Any picture in the data below should be skipped, while every line is repeated exactly.
*** Opening of Dataset content ***
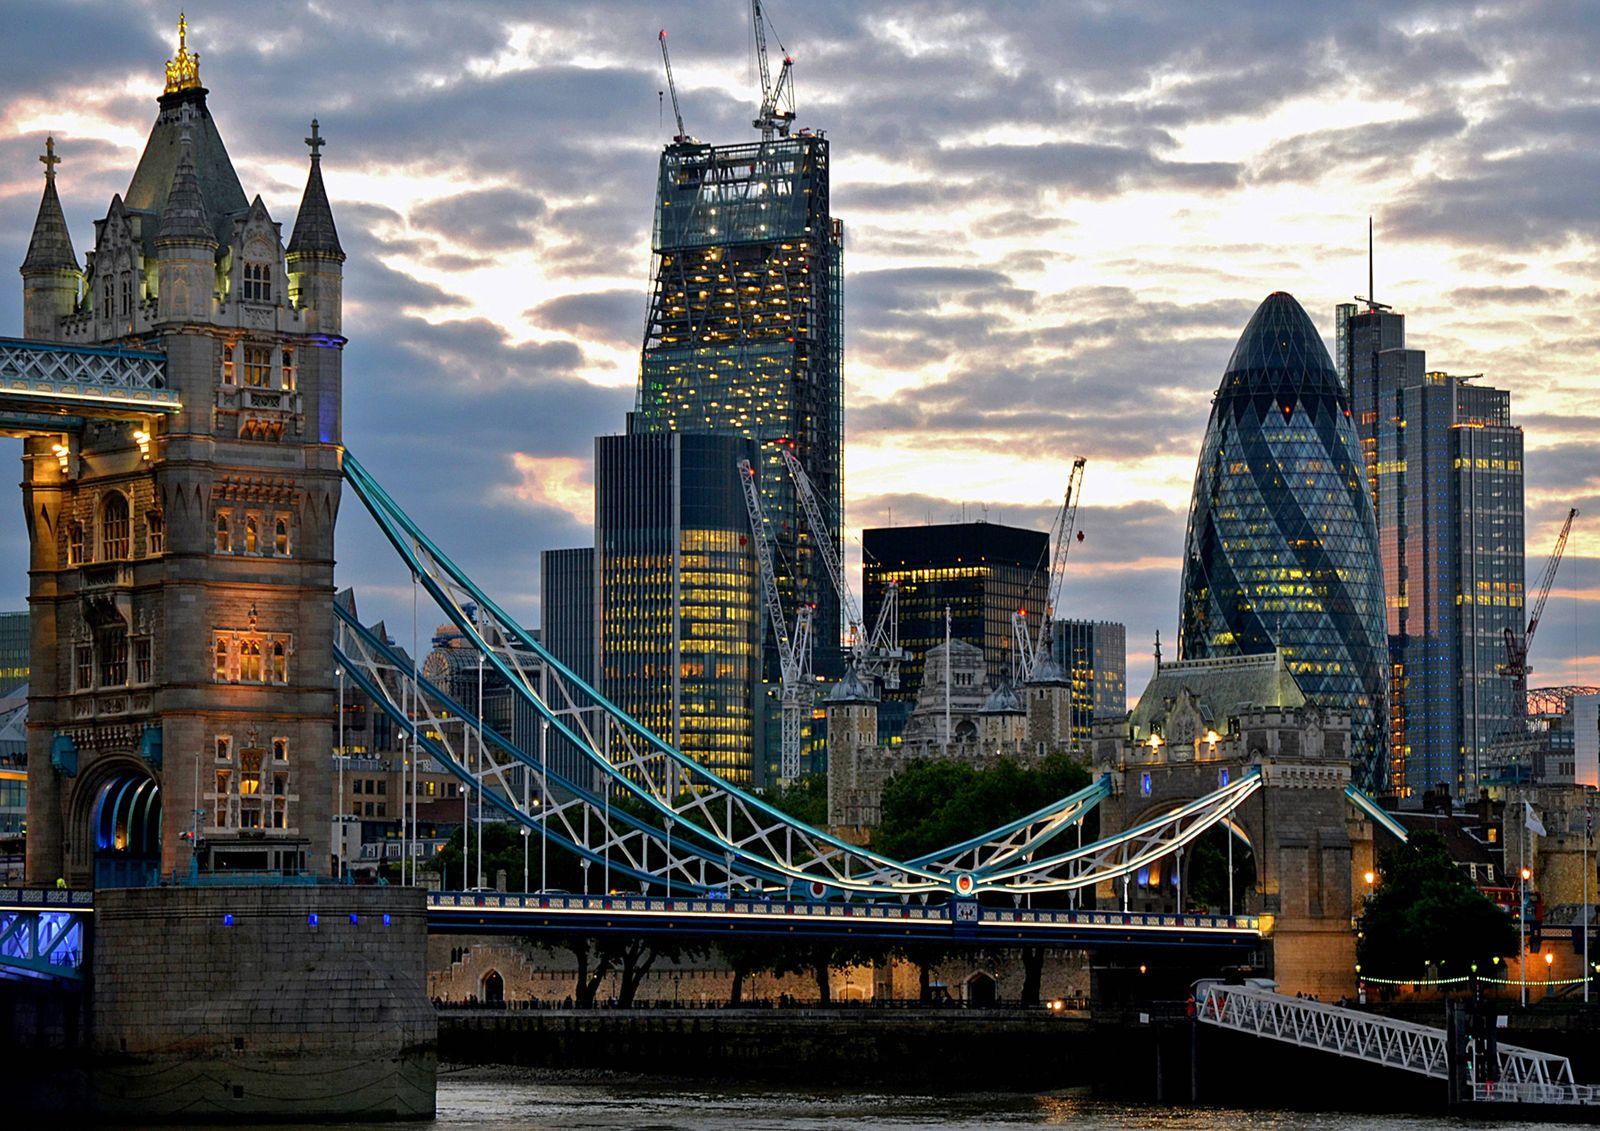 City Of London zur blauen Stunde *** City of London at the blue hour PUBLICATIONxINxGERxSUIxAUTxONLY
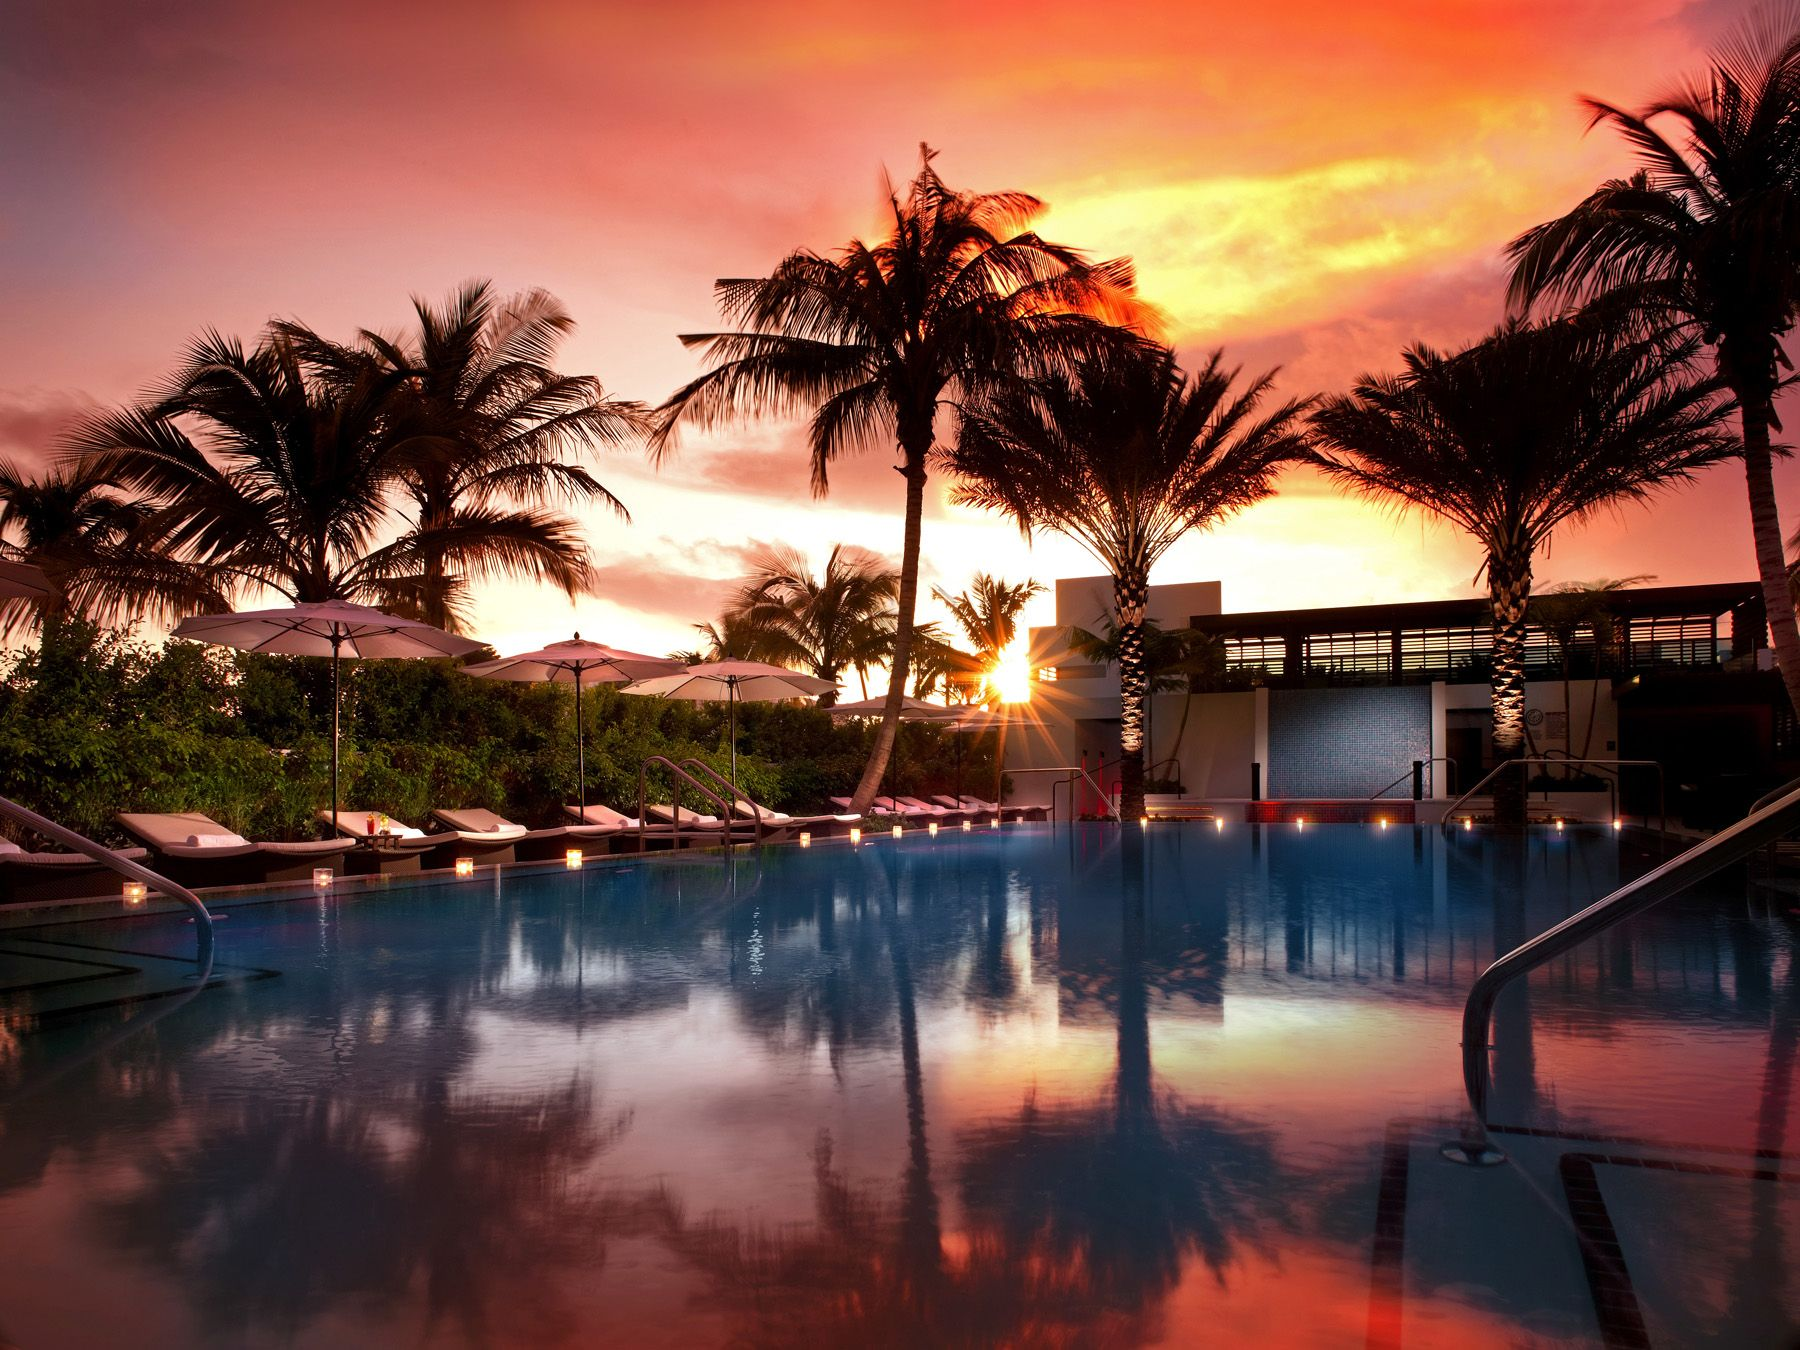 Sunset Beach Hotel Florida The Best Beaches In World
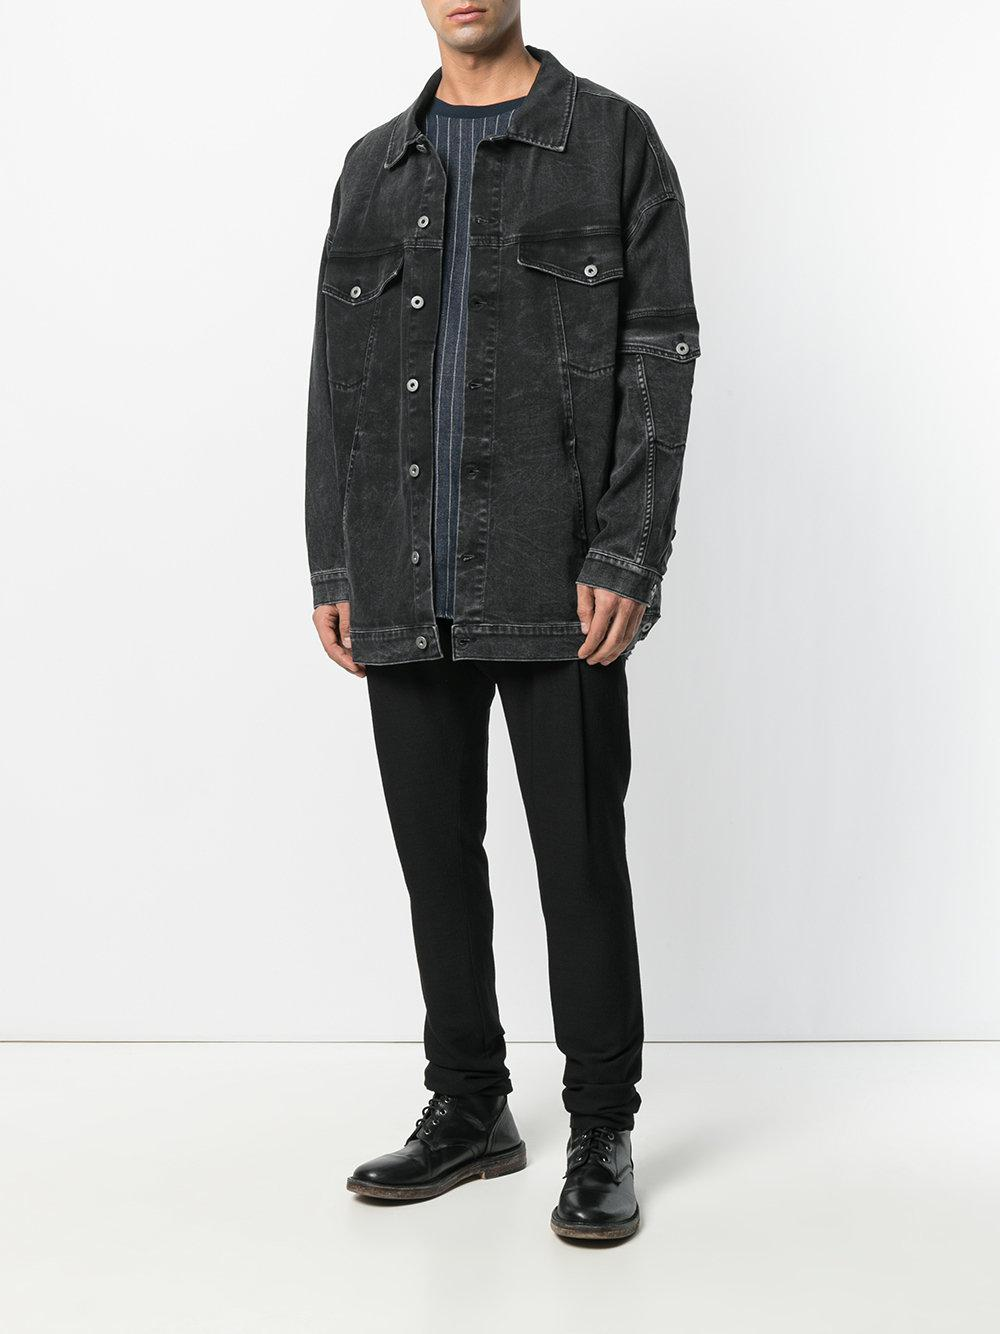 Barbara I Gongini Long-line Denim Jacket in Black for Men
*** Close of Dataset content ***
**Task response:**
 City Of London zur blauen Stunde *** City of London at the blue hour PUBLICATIONxINxGERxSUIxAUTxONLY
 Sunset Beach Hotel Florida The Best Beaches In World
 Barbara I Gongini Long-line Denim Jacket in Black for Men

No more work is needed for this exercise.